Chinese President Xi Jinping at the Diaoyutai State Guest House in Beijing, Feb. 1.
Chinese President Xi Jinping at the Diaoyutai State Guest House in Beijing, Feb. 1. Photo: chris ratcliffe/Press Pool/European Pressphoto Agency/Shutterstock

China will amend its constitution to allow Presidents to serve more than two terms, the state-run news agency Xinhua announced Sunday. The change is momentous because it confirms Xi Jinping has become the country’s most powerful leader since Mao Zedong. He is abolishing term-limit rules and other norms that Deng Xiaoping created in the 1980s to prevent a repeat of Mao’s disastrous rule.

After taking power in 2012, Mr. Xi used an anticorruption campaign to purge rivals and concentrate power in his hands, breaking the post-Mao convention that power should be shared among a group of leaders loyal to different factions. China’s elite politics has since reverted to a winner-takes-all contest, as Deng feared. Mr. Xi has created a Mao-style cult of personality, most recently granting himself the title of lingxiu, a term for a supreme leader not used in four decades.

According to Xinhua, the decision to allow Mr. Xi to stay on after 2023 was made at a Communist Party meeting last month. The fact that it was not announced in the official report at the end of the meeting suggests the move is controversial and there is still resistance to Mr. Xi’s power grab. This week the Party’s Central Committee will meet again to pick which officials will serve in important posts weeks before the country’s rubber-stamp legislature is due to meet and appoint them, again a sign of infighting.

It’s still not clear what effect Mr. Xi’s increasing power will have on economic policy. Reformist adviser Liu He was promoted to the Politburo last October and is now tipped to become a vice premier as well as governor of China’s central bank. Mr. Liu is also due to visit Washington this week to discuss tensions over the lack of reciprocity in economic relations.

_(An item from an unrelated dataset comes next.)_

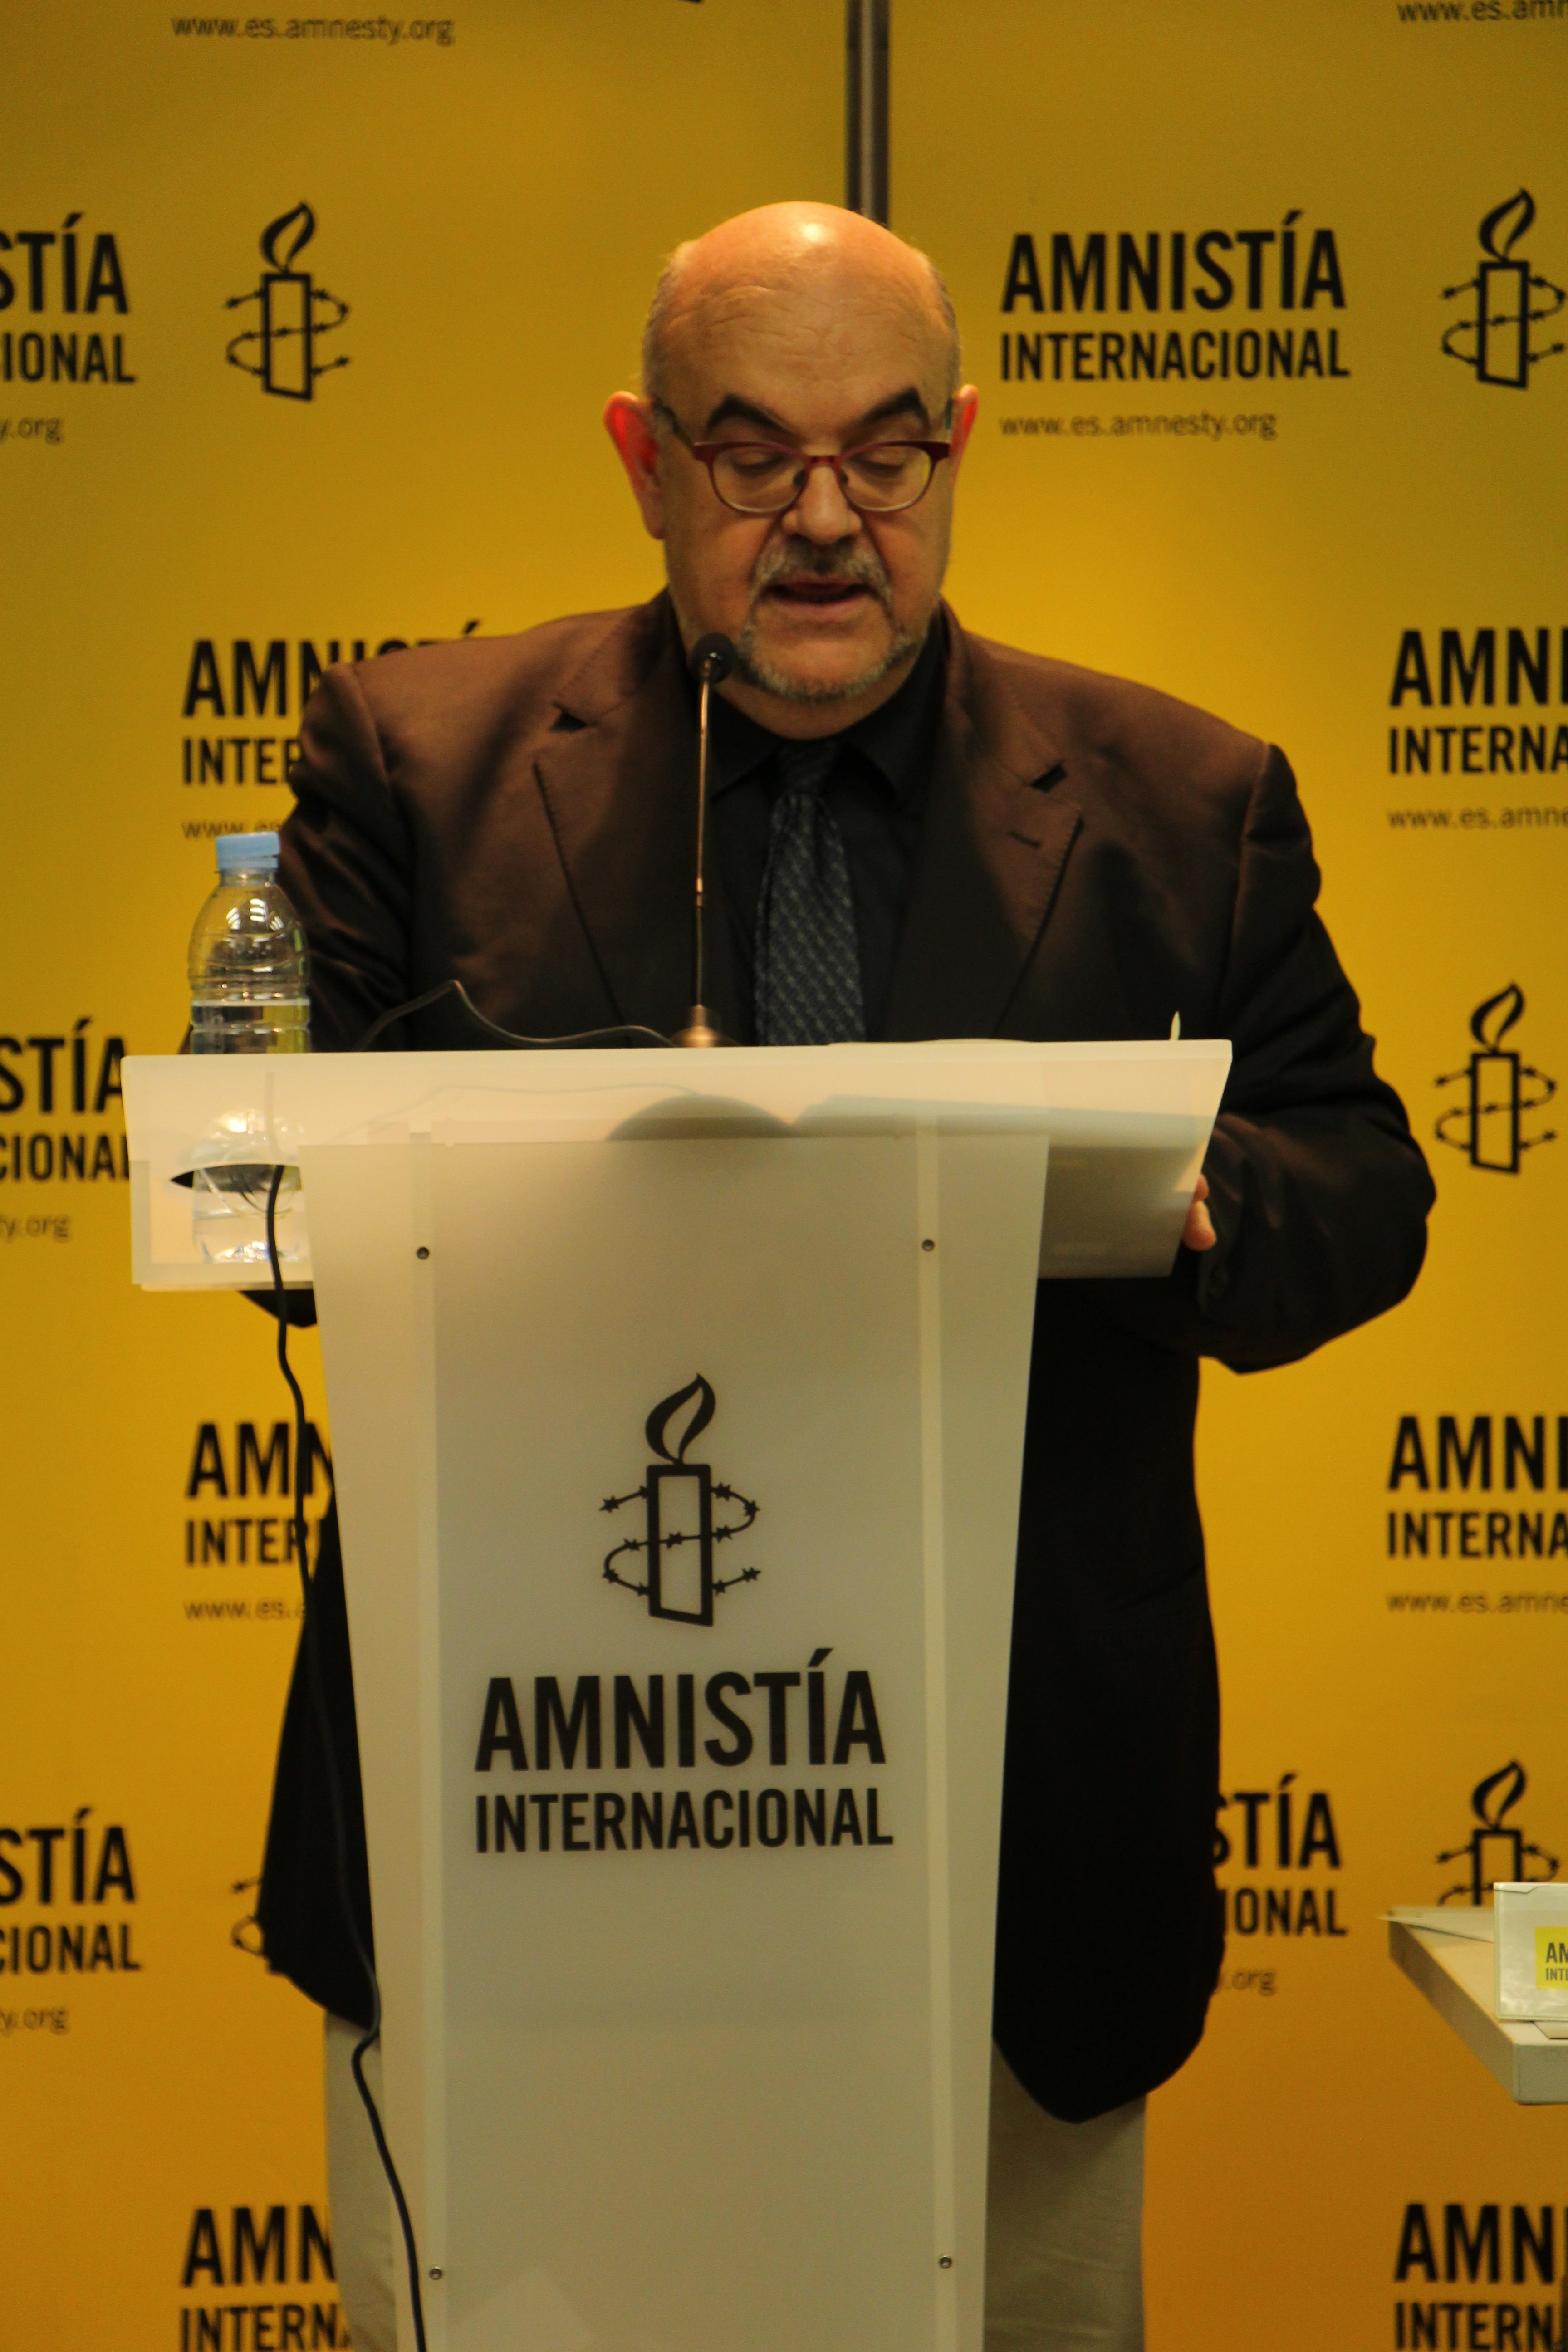 Esteban Beltrán, director de la sección española de Amnistía Internacional

But it’s worth remembering that Mr. Xi broke his previous promises to restart economic reforms over the last five years. His political drive to increase control over all aspects of society overrode Mr. Liu’s worthy agenda of giving greater scope to market forces. As the state takeover of Anbang Insurance last Friday shows, dangerous imbalances have built up in the financial system due to stimulus policies that require excessive debt, endangering China’s economic development.

Xinhua claims that Mr. Xi is leading China into a new era of prosperity and strength. But behind the facade of unity, political struggles continue. By making himself essentially President for Life, Mr. Xi has made Chinese politics more volatile and unpredictable.